# The New Tumblr Thread



## Eifie

The old one was posted by someone who isn't around anymore, and I don't think the mods can really be bothered to actually edit it and stuff, so let's have a new one! Since I started reblogging random cute things on the internet again people have started _following_ me and I keep frantically texting Dragon like "who is this person who just followed me" and she's like "idk... someone from tcodf..."

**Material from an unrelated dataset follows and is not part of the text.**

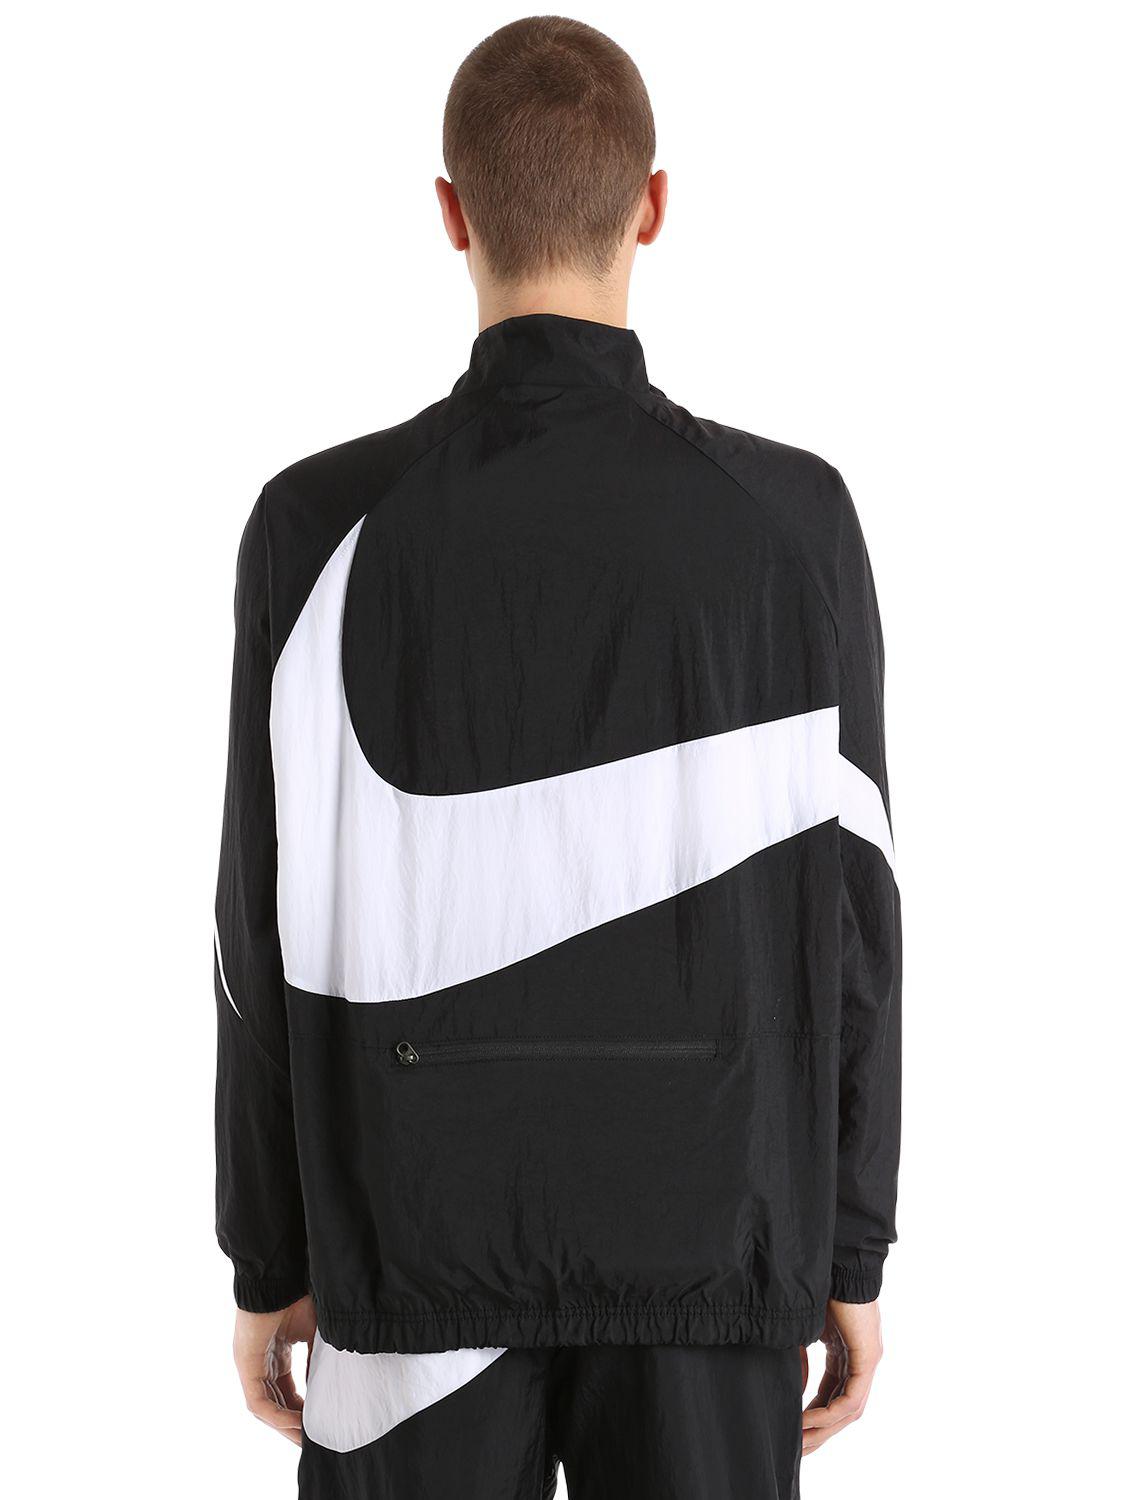 Nike Vaporwave Swoosh Woven Track Jacket in Black for Men | Lyst
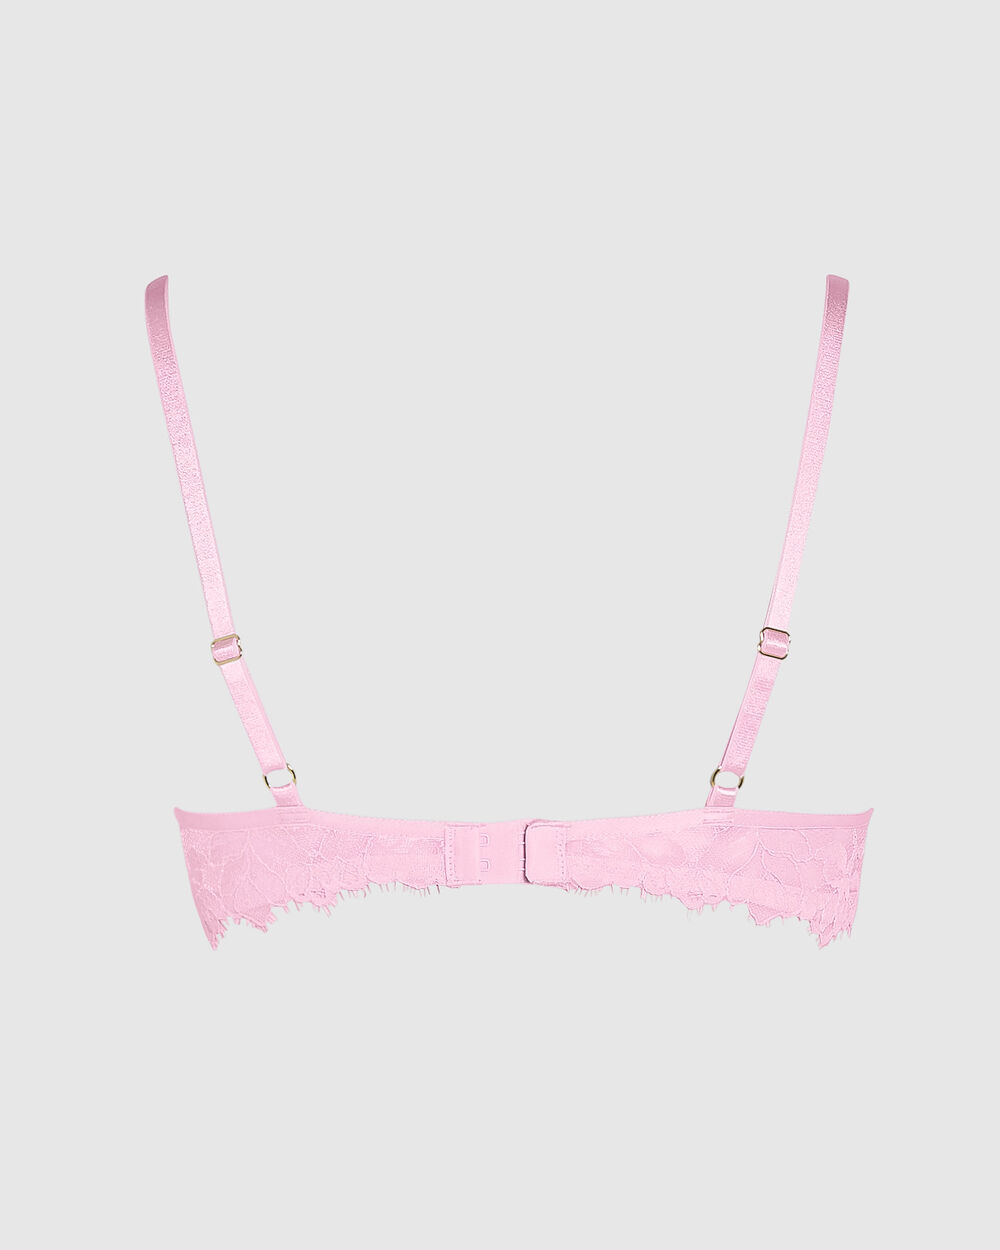 Women's Fishnet Lace Unlined Bra - Auden™ Pink 36c : Target

pls identify yourselves you guys. :D I am eifurret!

*Tumblr Masterlist*

Butterfree: antialiasis
Byrus: byrusvirus
Cynder: Cynder
Eifie: eifurret
Equinoxe: aviul
Eta Carinae: dursk
Flora: thechavanator
I liek Squirtles: yourstrangerneighber
IndigoEmmy: indigoemmyalolaphotos
JackPK: bendandsnap-cummerbund
kyeugh: kyeugh
M&F: airlock
mewtini: alone-on-an-aeroplane
Murkrow: myonlypen
Music Dragon: andreazchen
RedneckPhoenix: redneckphoenix
sanderidge: sanderidged, patapatapanpan (Animal Crossing)
storm: xivuuarath
ultraviolet: doejess (art), doehips (personal)
Vipera Magnifica: ropesnake
Zexion: raiviselegante


----------



## Murkrow

If you want to follow someone who posts 90% K-on!, 9% Azumanga Daioh and 1% other slice-of-life anime, follow myonlypen.tumblr.com


----------



## JackPK

I'm bendandsnap-cummerbund. I think this is like the fourth Benedict-Cumberbatch-parody URL I've switched to? I've stuck with this one for like a year now so it's probably here to stay I guess.

(Warning: I'm way too obsessed with Tumblr and reblog probably like a couple dozen things or more per day. Usually all in a row.)


----------



## Vipera Magnifica

Mine is ropesnake. I reblog a lot of Pokémon, Mother/Earthbound, and Steven Universe posts, but my blog is still mostly generic funny stuff.


----------



## Zexion

I am raiviselegante. I don't have very specific things I reblog, nor do I tag a lot, so fair warning there. A lot of generic stuff, though.


----------



## Equinoxe

Beep boop I'm tumbling over at aviul and only post my art farts on there. I don't really have any kind of consistent theme (or style, for that matter) but whatever. You can expect a lot of fanart, various OC dudes and the occasional monsters/creatures/weird dream shit :V


----------



## Butterfree

I'm, predictably, antialiasis. I post personal ramblings, brief review-rambles of movies/games/etc., my ridiculous dreams, frustrations with the English language, a bit of good-natured poking fun at this fanfic that was super-popular on Serebii in 2005, some irregular post series involving the Icelandic language, Icelandic culture and folk tales and the ridiculous stories I made up as a child, and photos of spots on my desk. Recently I did this Pokémon ask meme that got way out of hand, so most of my recent posts consist of that, but I don't generally do memes a lot.


----------



## I liek Squirtles

Mine is yourstrangerneighber, but I haven't been on pretty much all summer. I post a bunch of random things, and I don't tag much, either.


----------



## Byrus

I'm byrusvirus. I mostly post nerdy crap and tag everything. I've been trying to cut down on my tumblr obsession lately, so my activity is kind of sporadic.


----------



## Eta Carinae

My url is dursk!  I try and keep my blog 100% humour (maybe like .1% Salt and Pepper Diner, but that's just niche humour), but I have a really selective taste when it comes to what I reblog, so I often abstain from posting for days until something fits in.  If you guys have less popular humour blogs you know about about I'd love to hear about them, my dash has got a bit muddled lately and I'm always looking to branch out.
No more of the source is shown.